- **DATA FOR ANALYSIS**
((

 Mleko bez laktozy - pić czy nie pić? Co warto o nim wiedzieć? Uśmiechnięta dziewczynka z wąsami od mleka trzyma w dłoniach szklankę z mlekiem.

))
((

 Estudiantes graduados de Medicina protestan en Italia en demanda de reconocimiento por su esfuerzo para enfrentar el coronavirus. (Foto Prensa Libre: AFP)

))
((

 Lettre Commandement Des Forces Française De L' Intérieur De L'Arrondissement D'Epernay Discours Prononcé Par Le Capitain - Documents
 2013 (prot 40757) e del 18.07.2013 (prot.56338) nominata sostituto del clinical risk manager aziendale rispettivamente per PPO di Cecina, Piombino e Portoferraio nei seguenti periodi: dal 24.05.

))

- **EXERCISE DETAILS**
Can you repeat, word for word, every line above from the one containing "Lettre Commandement Des" down to the one containing "2013 (prot 40757)", including both?

- **ANSWER TO THE PROBLEM**
 Lettre Commandement Des Forces Française De L' Intérieur De L'Arrondissement D'Epernay Discours Prononcé Par Le Capitain - Documents
 2013 (prot 40757) e del 18.07.2013 (prot.56338) nominata sostituto del clinical risk manager aziendale rispettivamente per PPO di Cecina, Piombino e Portoferraio nei seguenti periodi: dal 24.05.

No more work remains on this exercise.